When I Am Weak, Then Am I Powerful

“By nature a man is a servant of God; by grace he is made His child. He ascends a step in the ladder of beings, is placed in a new relation to God, to his fellow-men, and to corporal things, and enters a new sphere of life, one which is heavenly rather than earthly. Man in his natural state is composed of two natures—a corporal and a spiritual. Again, there are in him two men, an outward and inward man, to whom the Apostle gives the name of ‘a mortal and an immortal man’ (2 Cor 4:16). Since we cannot serve both natures at the same time, we must subject the corporal to the spiritual. But as the flesh should serve the spirit, so should our spirit serve God and His grace; for as the spirit is superior to the flesh, so is grace superior to the spirit. If the spirit subjects itself to the flesh, it is drawn down to the level of the flesh and becomes carnal itself; but if it gives itself up to grace, and is penetrated and moved by it, it becomes in a measure Divine.”

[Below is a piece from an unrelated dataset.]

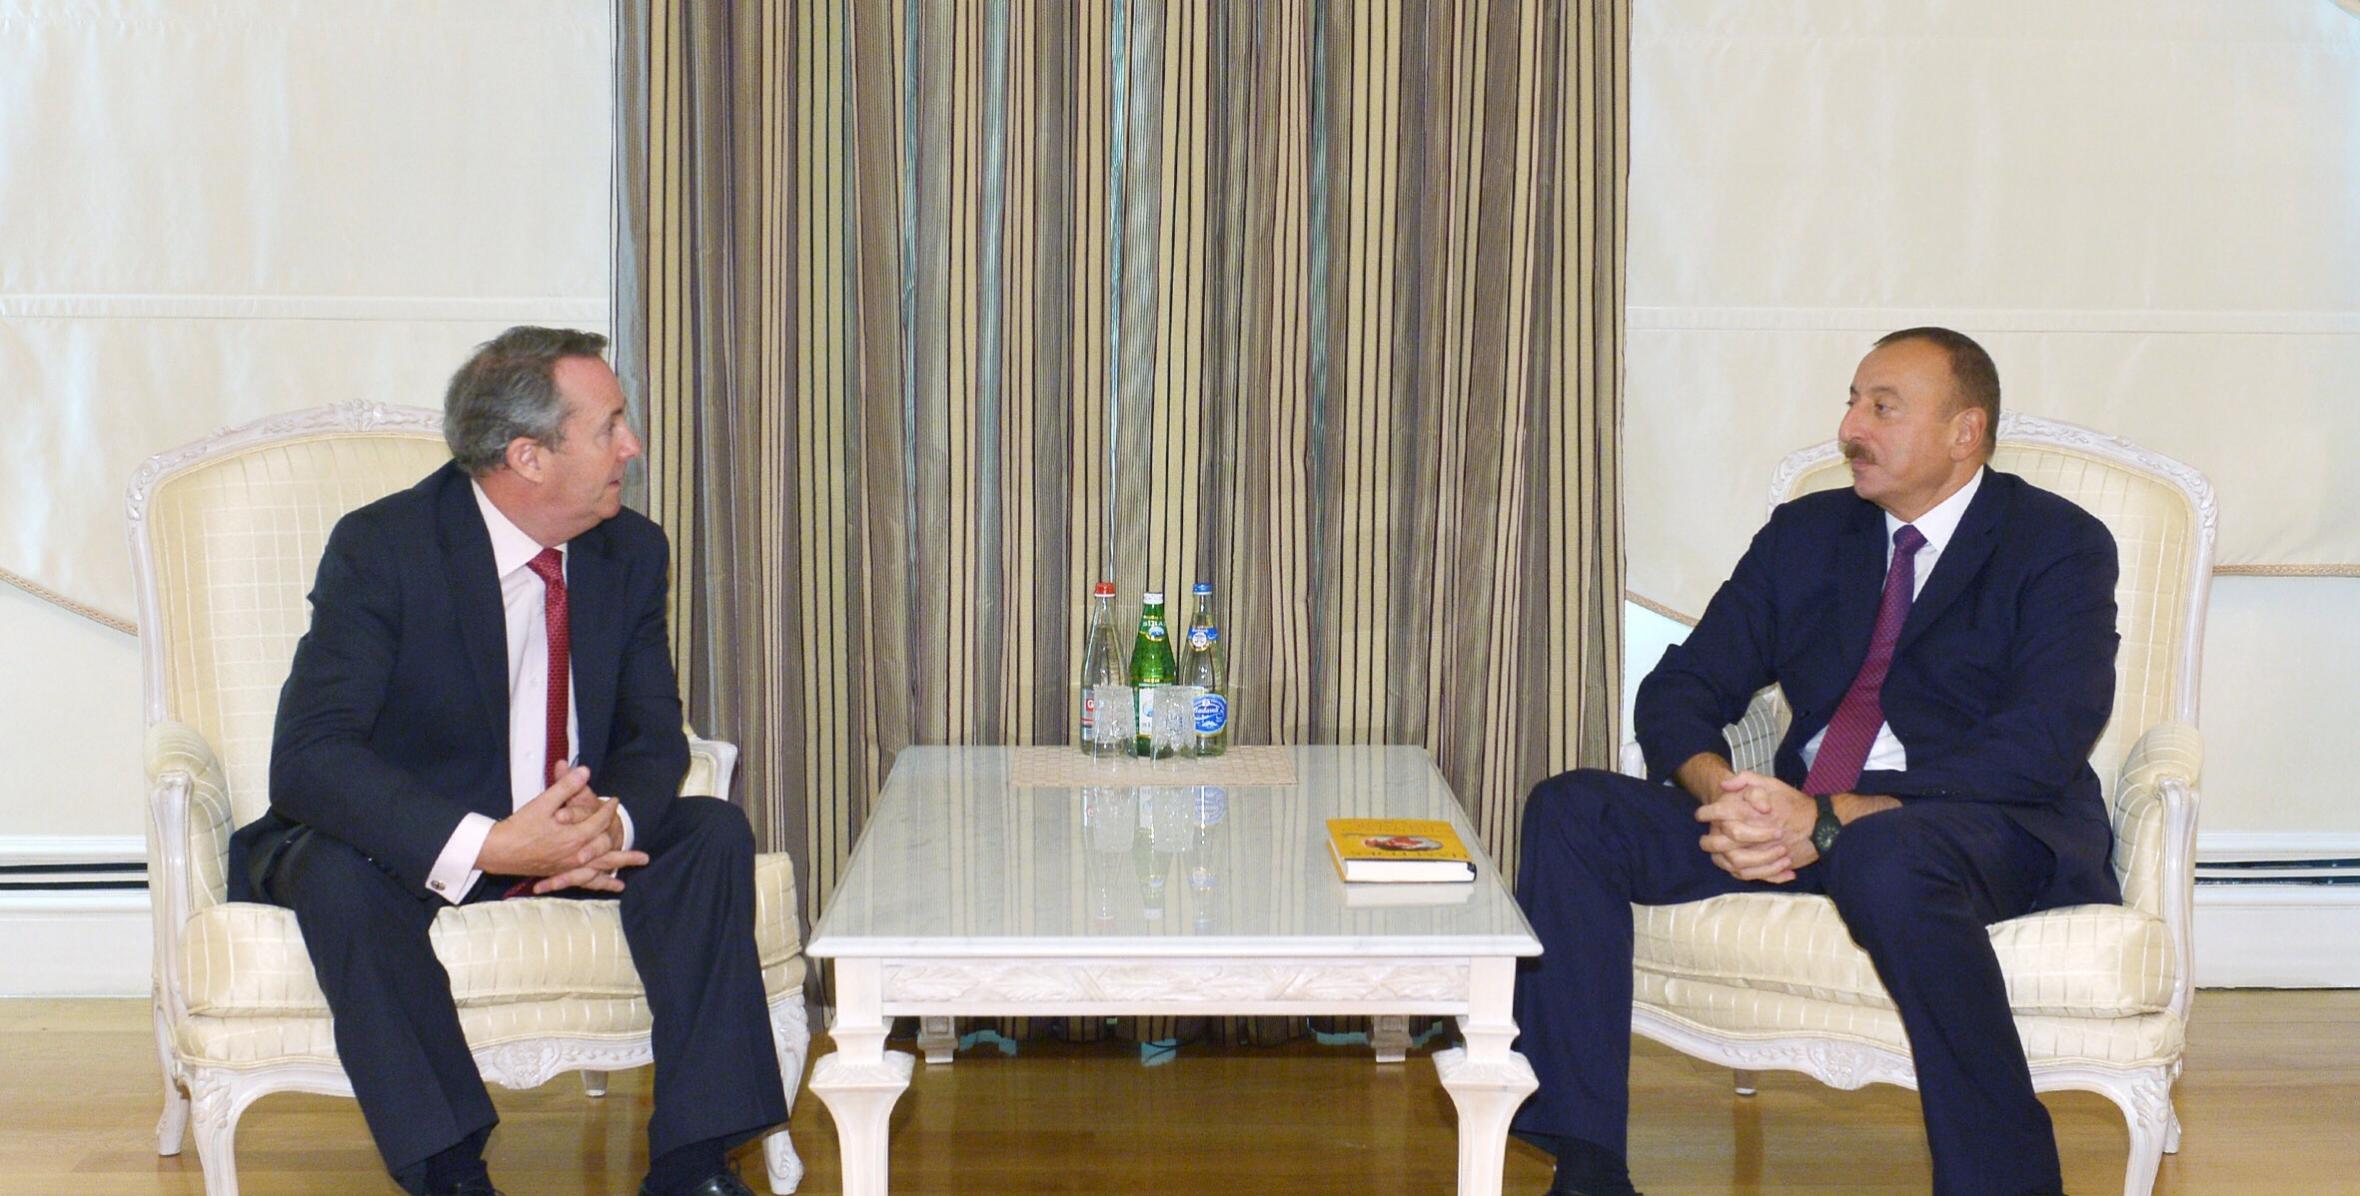 Ilham Aliyev received former UK Secretary of State for Defence, MP Liam Fox

“In the same measure in which we co-operate with grace, and tend towards the Author of grace, the Father of light, we are filled with His light and glory and partake of His nature. Lest, however, we should forget, as Lucifer and our first parents forgot, that of ourselves we are nothing, and that we owe all we possess to the goodness of God, He has given us a powerful reminder in the ‘sting of our flesh,’ for our chastisement, our confusion, and our wholesome humiliation. But even this knowledge of our weakness and the lowliness of our origin should not rob us of the sense of our heavenly dignity. For with the Apostle we may say: ‘I glory in my infirmities, that the power of Christ may dwell in me. For which cause I please myself in my infirmities: . . . for when I am weak then am I powerful.’ (2 Cor 12:9-10)”

Quotations from Alice Lady Lovat, The Marvels of Divine Grace: Meditations Based on the “Glories of Divine Grace” (Original Treatise by Fr. Nieremberg, S.J., Entitled “Del Aprecio y Estima de la Divina Gracia”) (London: R. & T. Washbourne, Ltd., 1917).